Q: Is Delaware considered part of the South?

A: Well, yes and no, although the tenacious Southernness of the state is a fine thread to track. Within Delaware, there’s a strong Original Thirteen current tied closely to the Constitutional Convention in Philadelphia, just up the road from Wilmington, neither of which, I think we can agree, are particularly “Southern” towns. Culturally it’s worth noting that, to this day, the Rehoboth Beach truebloods douse Thrasher’s famous french fries in vinegar, not ketchup, just as their long-lost British cousins do at fish-and-chips shops—more culinarily post-postcolonial than that is hard to get. Despite all that, Delaware’s doughty Southernness shines in the towns down on the peninsula it shares with the eastern shores of Maryland and Virginia—in Seaford, and Gumboro, and Fenwick Island, where the blue crab rules and the shell-cracking mallets and heavy waxed paper line the tabletops. At gas stations in that country, you can still pick up a reasonable fishing hat and some tackle. Chincoteague, the Virginia barrier island to which the wild ponies swim, is just an hour or so down Highway 113. Described musically, Delaware could fairly be said to have a rocking Southern bass beat.

 

Q: Teeth of the season here, so can you explain how to socialize with people who went to enemy schools?

A: This is the South, so no idea—paintball, maybe? Laser tag?
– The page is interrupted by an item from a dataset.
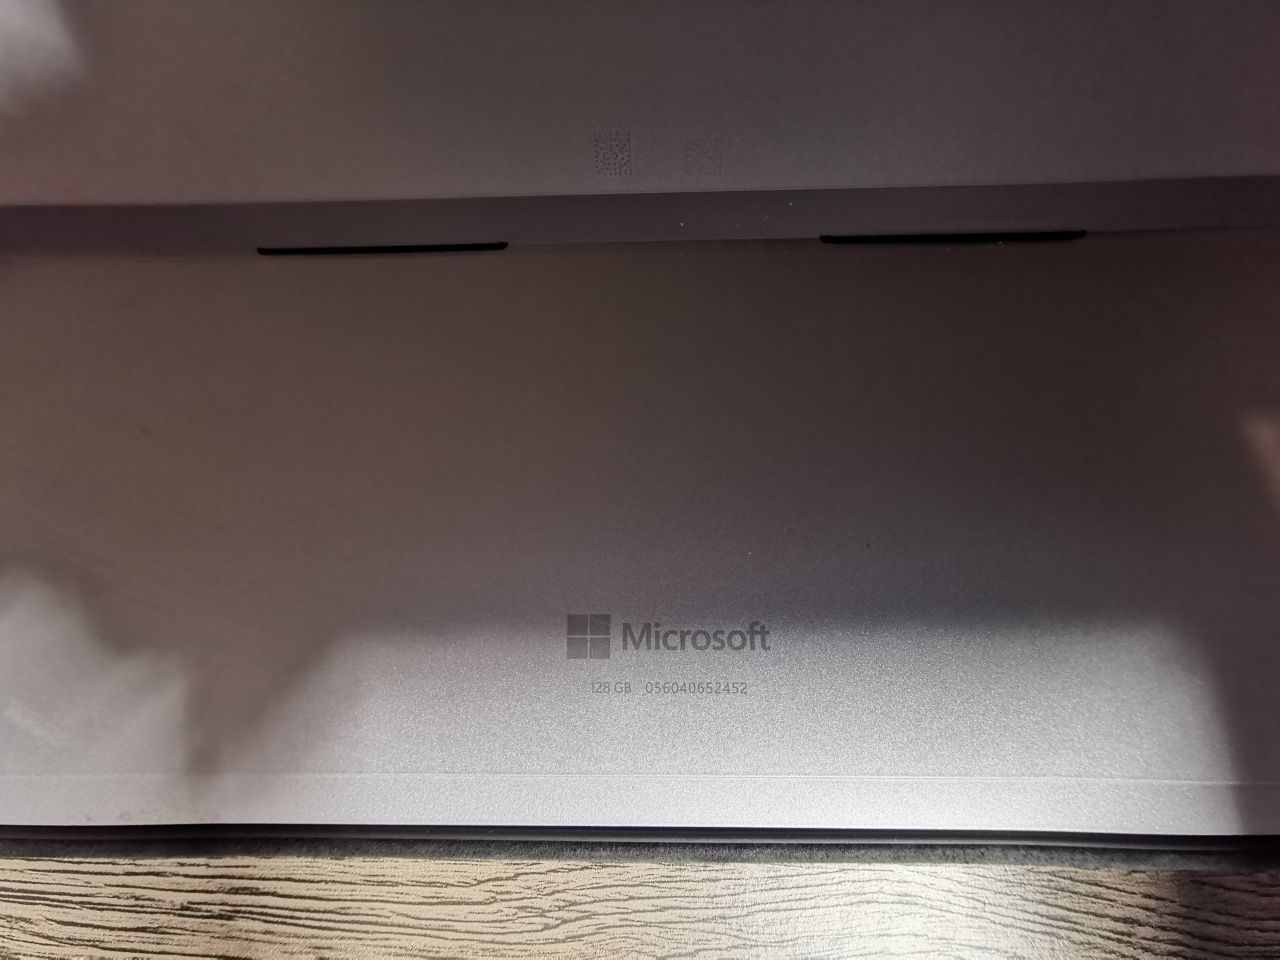 Micrasoft Surface 3 1657 2 in 1 Komputer/Tablet FHD/4GB/128GB SSD/Win1

At any rate, some kind of battlefield that requires body armor ought to do. I certainly can’t sanction eating, drinking, or watching TV with them. Then again, this is the South, the nation’s heartiest and most greling social stage, so let’s assume you must. There is only one way: Grin and bear it, baby. Your challenge will be to drop your instinctive Aristotelian baggage—don’t think of them as you usually do, with a mixture of pity and fear, hopeless beings whose lives went wrong in late adolescence as a result of their parents’ and possibly their grandparents’ hubris-driven errors in higher education. Before you have to see them, cook up something nice to say about their quarterback. People tend to care about their quarterbacks. If they have no quarterback to speak of, surely they have a defensive end who’s run back a couple of laudable interceptions. Your goal is to blunt their suspicions by sowing momentary cocktail confusion. They’ll have to think: Ya know, that dude who went to [your school here] wasn’t half bad. Depart at speed, before the smoke screen masking the enormity of your animus dissipates.